How BTS Got So Swole, According to an Expert Trainer

How BTS Got So Swole, According to an Expert Trainer


And even when the BTS members can’t manage one more rep, Ho keeps the set going, helping to lightly nudge the dumbbells up. “Not only are they going to failure, but they’re doing what’s called ‘forced reps,’” Myers says. “That’s another technique that can stimulate greater muscle growth, and it can also help you break through plateaus.”

Kill the momentum

At one point, Ho instructs V, who is repping out curls, to pause briefly at the top and bottom of each rep, effectively killing any rebound or momentum. “What I think they’re doing a great job of is the movements they’re doing are slow and controlled,” says Myers. “That’s a very effective way to train—and super effective for gains.”

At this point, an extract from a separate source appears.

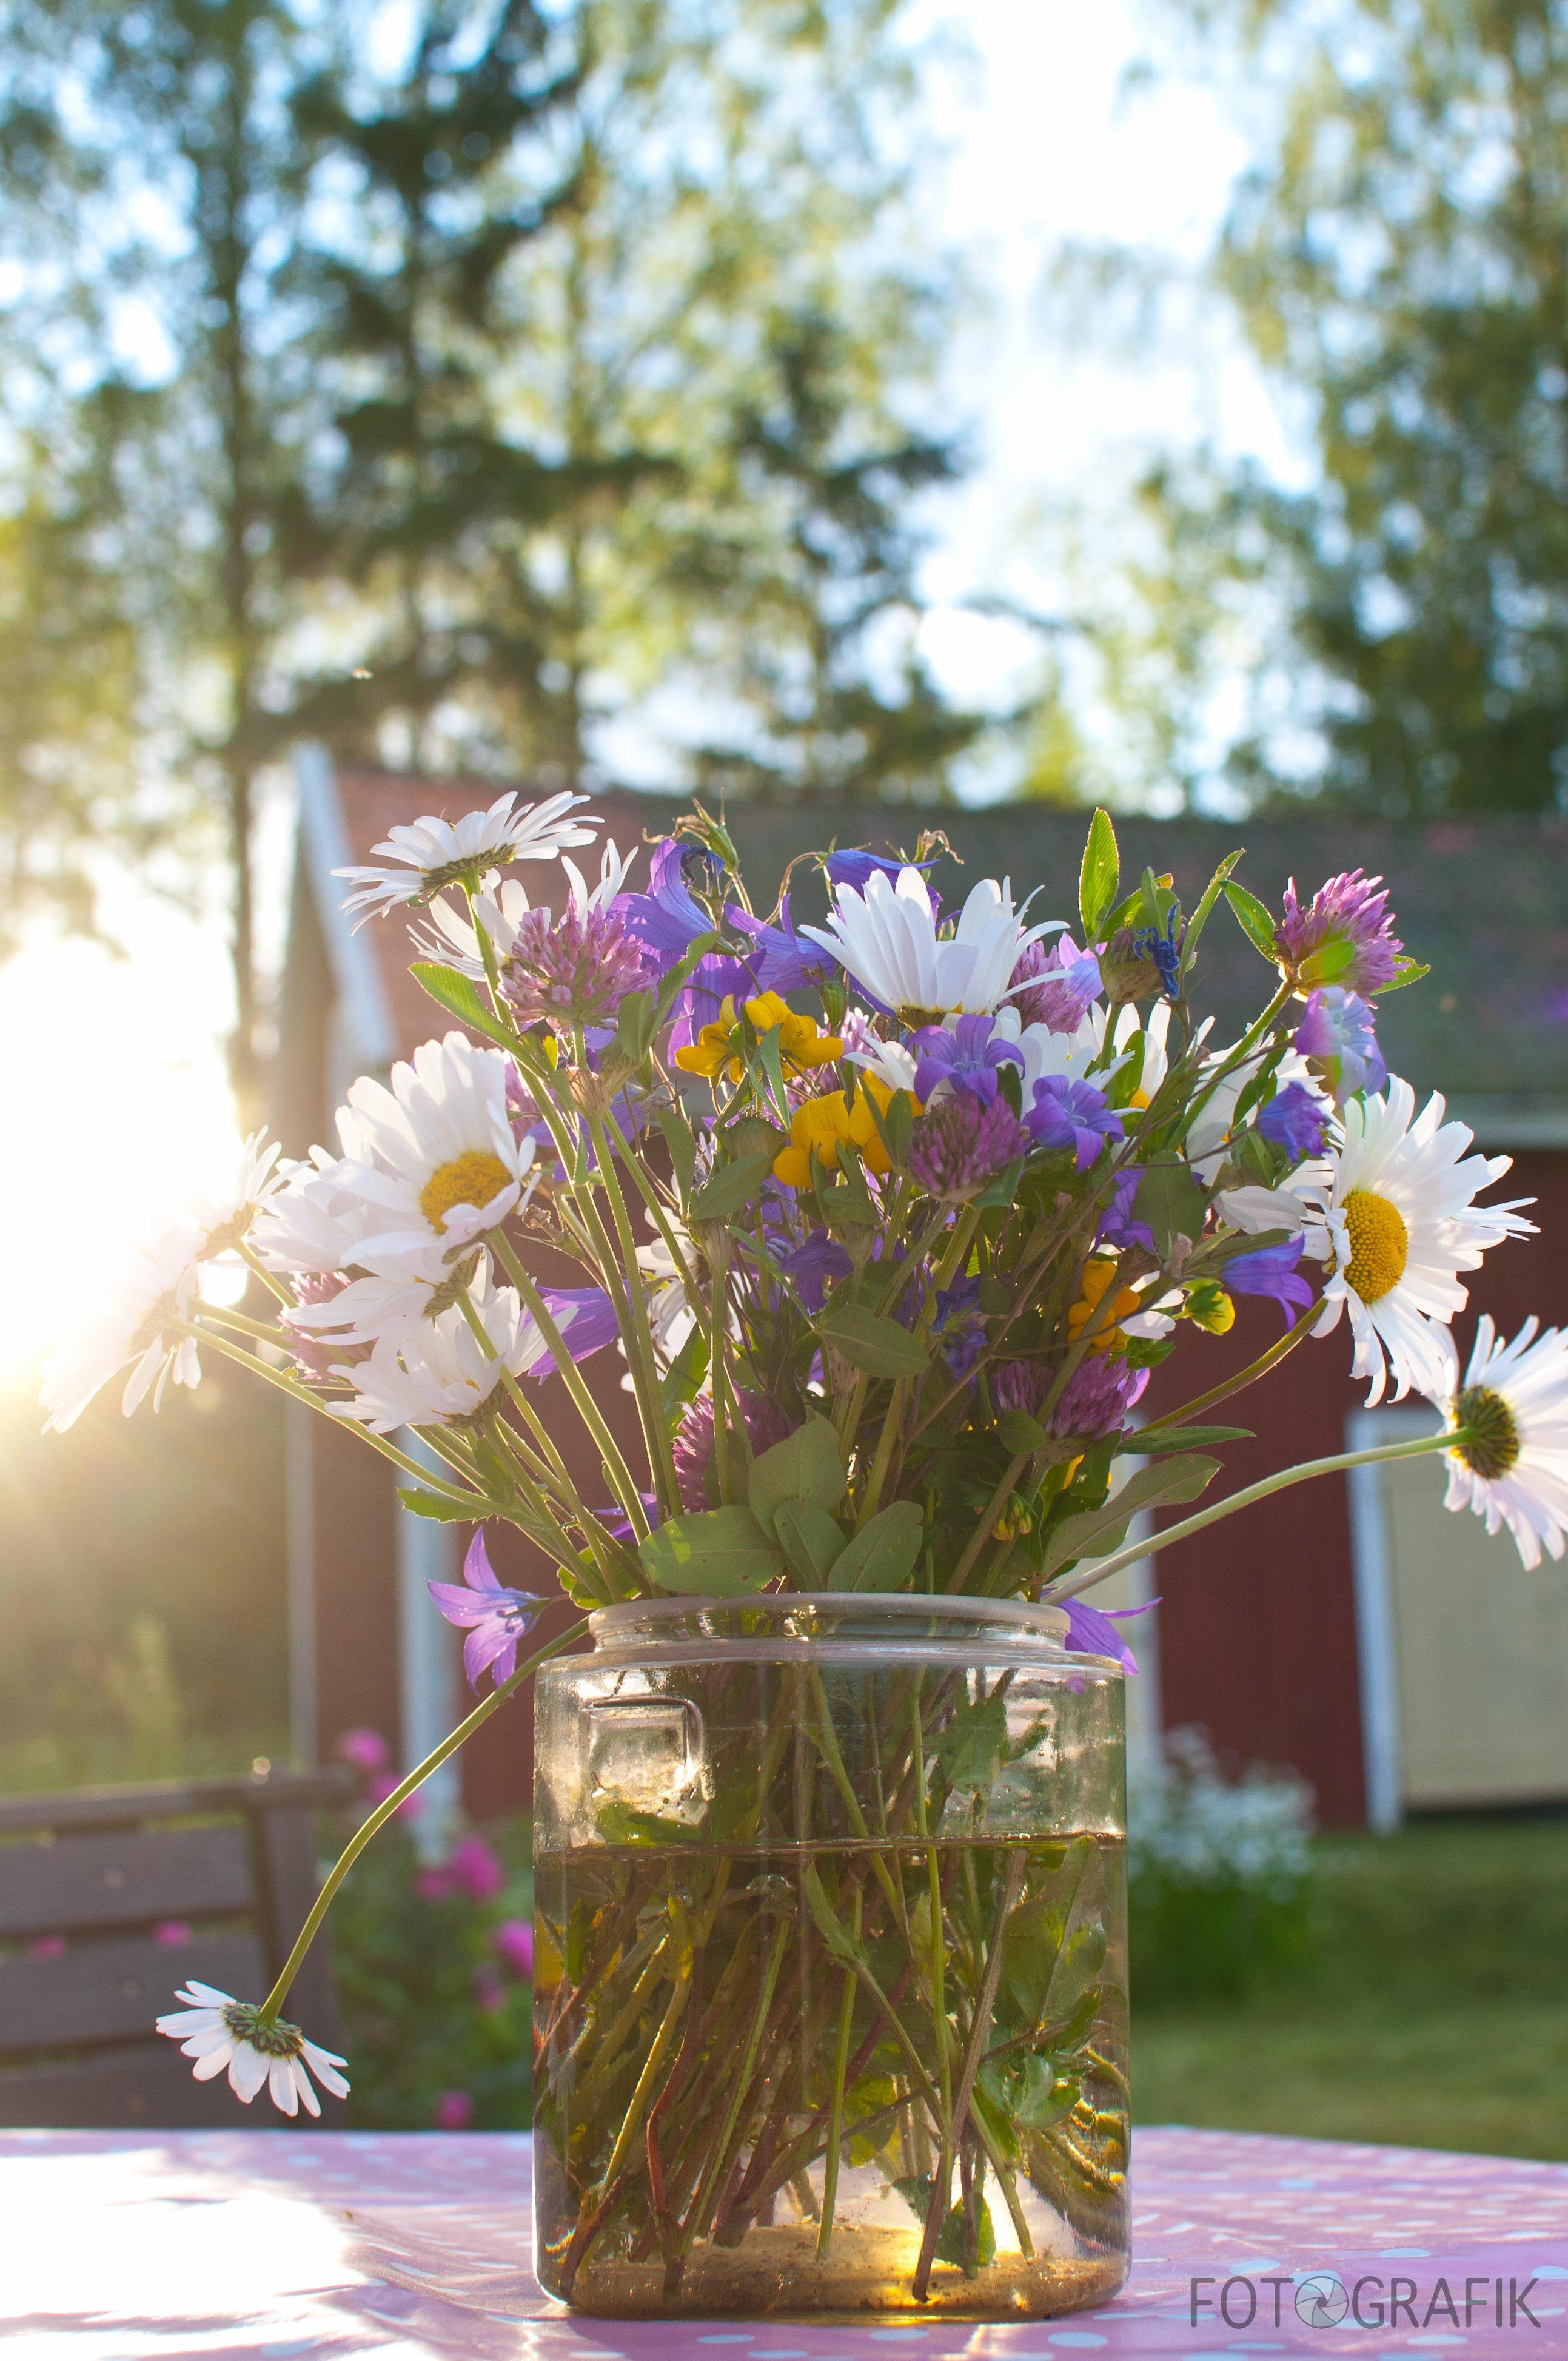 Swedish midsummer flowers

“If you’re swinging the dumbbell up and down, you’re not necessarily allowing your biceps to activate fully,” Myers says. “You’re probably using some of your front delts, along with momentum from the rest of your body, to move that weight.”

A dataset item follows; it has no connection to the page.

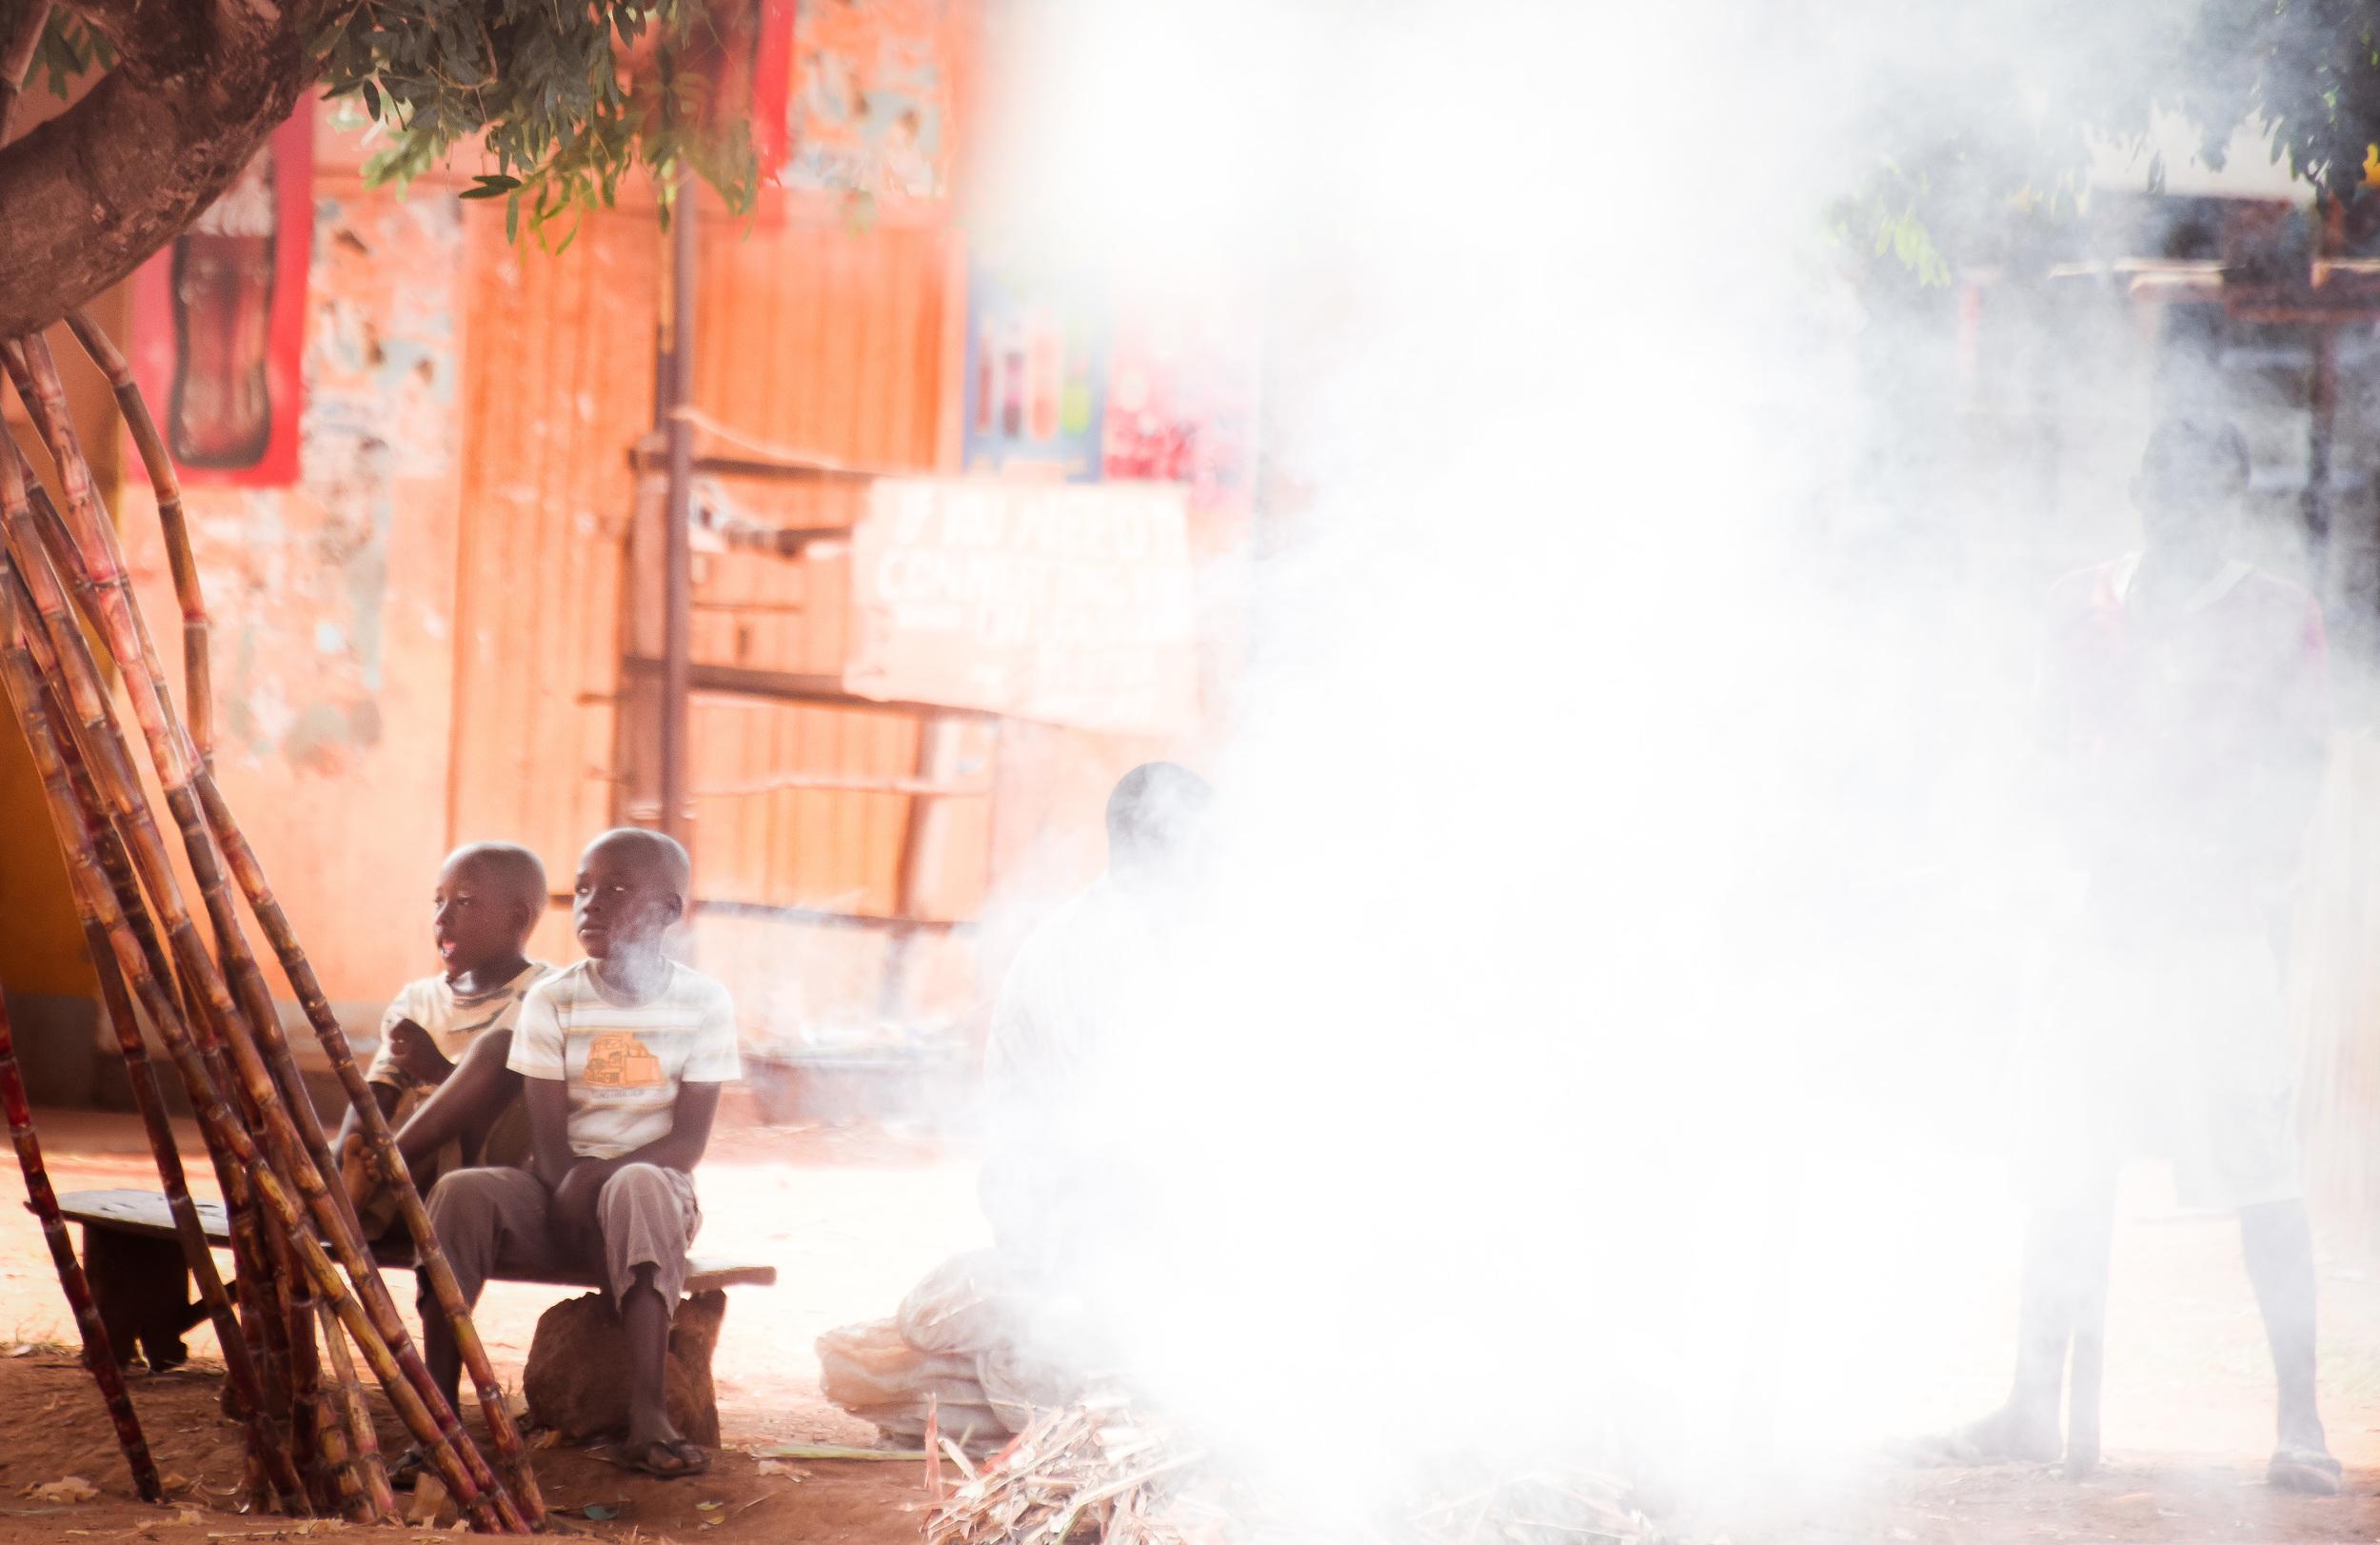 uganda5 (1 of 1).jpg

Moving weight with intention also helps you focus on the mind-muscle connection, which can in turn lead to bigger gains, Myers says. Research published in the European Journal of Applied Physiology found that when subjects focused intently on their triceps during heavy bench presses, they were able to increase muscle activation.

Rage with the machines

Throughout the video, we see the bandmates working out using a pretty even mix of free weights and machines.

Free-weight purists will maintain that dumbbells and barbells are better at recruiting stabilizer muscles and therefore activating more muscle tissue overall, and they’re right. But machines provide a more direct path to muscle growth, by way of mostly removing those supporting muscles from the equation and shifting the bulk of the load onto your primary movers. “Machines help to keep your form in check, and you can really laser-focus on the muscle you’re trying to target,” says Myers.

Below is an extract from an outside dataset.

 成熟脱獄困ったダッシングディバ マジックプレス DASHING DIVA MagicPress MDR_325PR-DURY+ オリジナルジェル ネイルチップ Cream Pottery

So, the best course, according to Myers, is to do both. And it seems like this is the philosophy Ho is following with BTS. “When they’re doing abs, one of them is doing knee-ups in the Roman chair, while another is laying down and doing crunches in a machine,” says Myers. “I think they’re doing a really good job of mixing it up and hitting the muscles from different angles, which is just going to stimulate more hypertrophy, or muscle growth.”

Slow your negatives

During shoulder exercises like barbell military presses and dumbbell lateral raises, you’ll notice the BTS crew going extra slow on the eccentric portion of their reps. In other words, they’re lowering the weights slowly, rather than just letting gravity do the work.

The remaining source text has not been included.